An other angle to explore is the relationship between gender and SAT score. We noted that a higher percentage of females in a school tends to correlate with higher SAT scores. We can visualize this with a bar graph.
#2D graph
data_full.corr()["sat_score"][["male_per", "female_per"]].plot.bar()
<matplotlib.axes._subplots.AxesSubplot at 0x109c5f160>

To dig more into the correlation, we can make a scatterplot of “female_per” and “sat_score”.
#scatter plot
data_full.plot.scatter(x='female_per', y='sat_score')
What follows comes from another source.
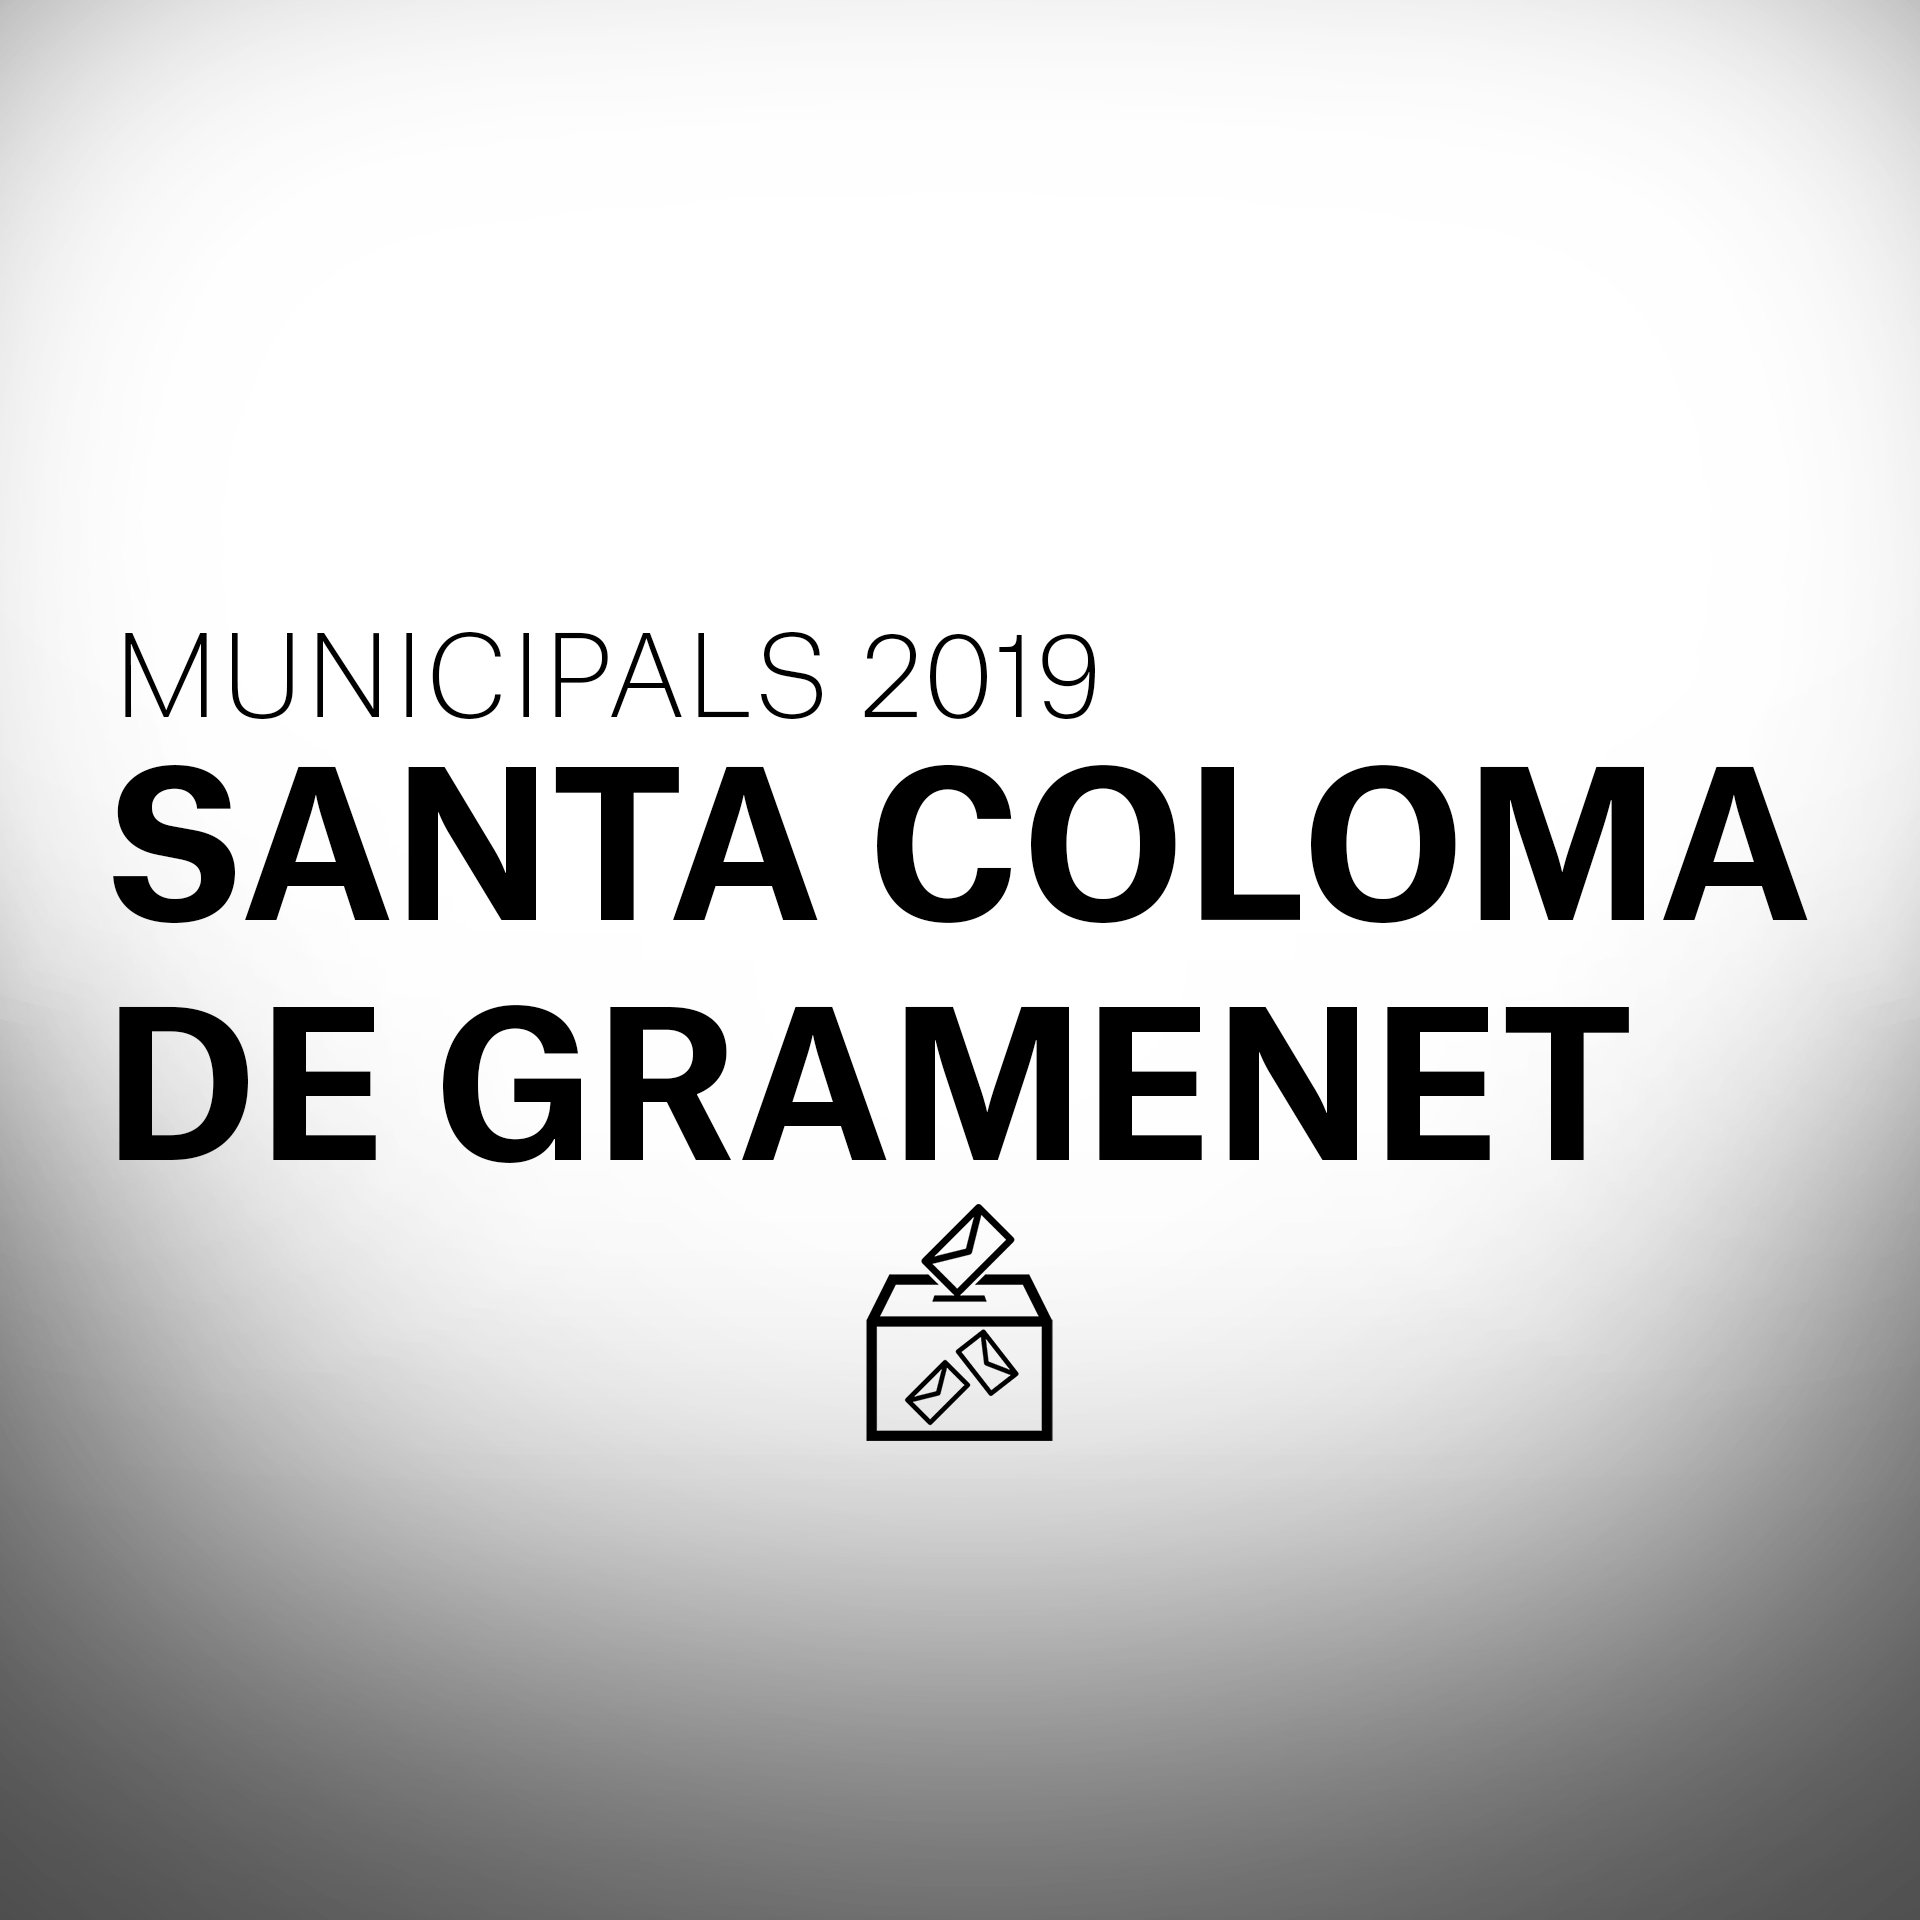 Què passarà a les eleccions municipals a Santa Coloma de Gramenet?

<matplotlib.axes._subplots.AxesSubplot at 0x104209978>

It looks like there’s a cluster of schools with a high percentage of females, and very high SAT scores (in the top right). We can get the names of the schools in this cluster.
data_full[(data_full["female_per"] > 65) & (data_full["sat_score"] > 1400)]["SCHOOL NAME"]
8 BARD HIGH SCHOOL EARLY COLLEGE
27 PROFESSIONAL PERFORMING ARTS HIGH SCHOOL
31 ELEANOR ROOSEVELT HIGH SCHOOL
48 TALENT UNLIMITED HIGH SCHOOL
78 FIORELLO H. LAGUARDIA HIGH SCHOOL OF MUSIC & A...
364 TOWNSEND HARRIS HIGH SCHOOL
411 FRANK SINATRA SCHOOL OF THE ARTS HIGH SCHOOL
Name: SCHOOL NAME, dtype: object
Searching Google reveals that these are elite schools that focus on the performing arts. These schools tend to have higher percentages of females, and higher SAT scores. This likely accounts for the correlation between higher female percentages and SAT scores, and the inverse correlation between higher male percentages and lower SAT scores.
In this post, we have analysed the schools SAT scores and the relation with some other informations like ethnic groups and gender. However, we explored some angles only in the surface, and could have dived into more. Furthermore, we could have combined with other data sets such as schools location informations.
This case study is based on an article of Vik Paruchuri. I thank him for this example.